PUBLIC libraries across the EU are calling on the European Commission to stop dragging its feet and launch the debate on their future in the information society originally promised for last year.

They say a public debate on how the Union should tackle issues such as the preservation of work, privacy, copyright liability and universal access to information is vital as the online age begins to challenge the traditional role of public libraries.

But they fear the planned Green Paper on the issue has been pushed off the Commission's agenda just as individual EU member states are considering their own ways of preparing their public libraries to meet the demands of the digital age.

"It was planned to have been published already in late summer and we really need a debate on the issues raised at the European level as soon as possible," insisted Barbara Schleihagen, of the European Bureau of Library, Information and Documentation Associations (EBLIDA).

"This is because member states are currently coming up with a lot of national policies specifically on the role of public libraries in the information society, and now is just the right time to have wide EU consultations."

Schleihagen claimed that the Commission had put the libraries issue on the back burner because it preferred instead to concentrate on launching a Green Paper debate on access to public information, and a policy paper on the technical aspects of geographical information, such as satellites.

EU sources insist that the Commission still wants to launch the libraries paper, which has been gathering dust since early last year, but admit it is "not seen as a priority issue" among top officials.
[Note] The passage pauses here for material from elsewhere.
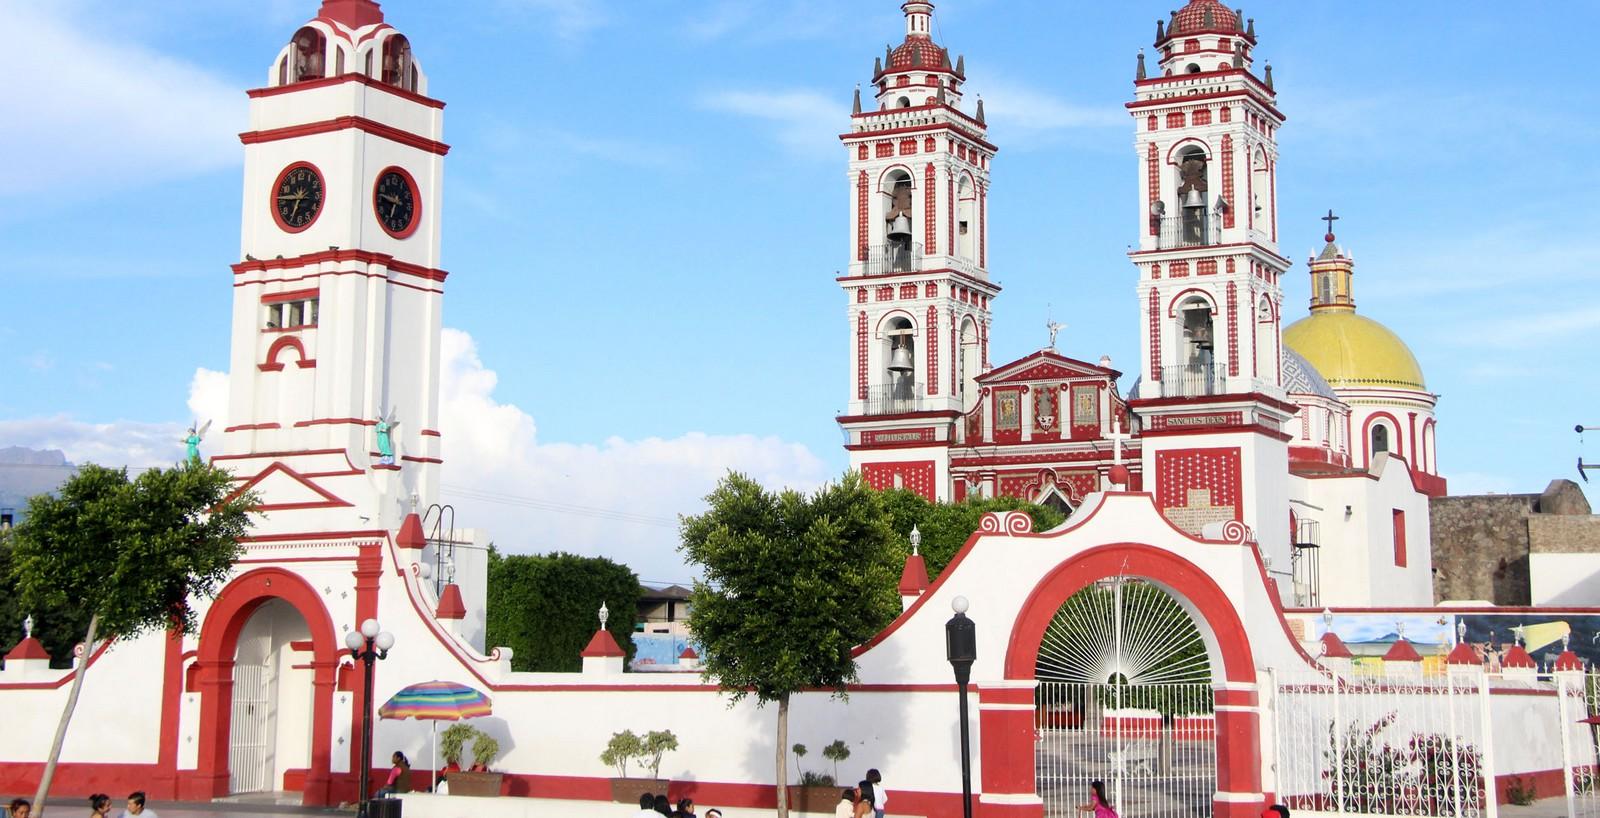 Apariciones de San Miguel Arcángel en el Milagro de Tlaxcala, Mexico (25 abr, 8 may, 29 sep)

Once the debate does eventually get under way, key issues likely to figure in it will include staff training, methods of preserving copies of endangered material and the extent to which new content made available electronically should be covered by 'legal deposit rules' requiring the deposit of minimum numbers of each published book in national libraries.

The Union is also likely to look across the Atlantic to the United States to examine the steps already being taken there in recognition of the impact which information technology can have on education.

"America has shown the way forward. For example, they have been discussing how libraries and schools can gain favourable access to the Internet," said one source.

EU libraries have attracted more than 30 million ecu of funding in the 'telematics' tranche of the Union's current Fourth Framework Research and Development Programme.

Officials say responses to the debate, which will be launched by the Green Paper when it is eventually published, are likely to play a key role in determining how the EU's Fifth R&D Framework Programme will target the libraries sector.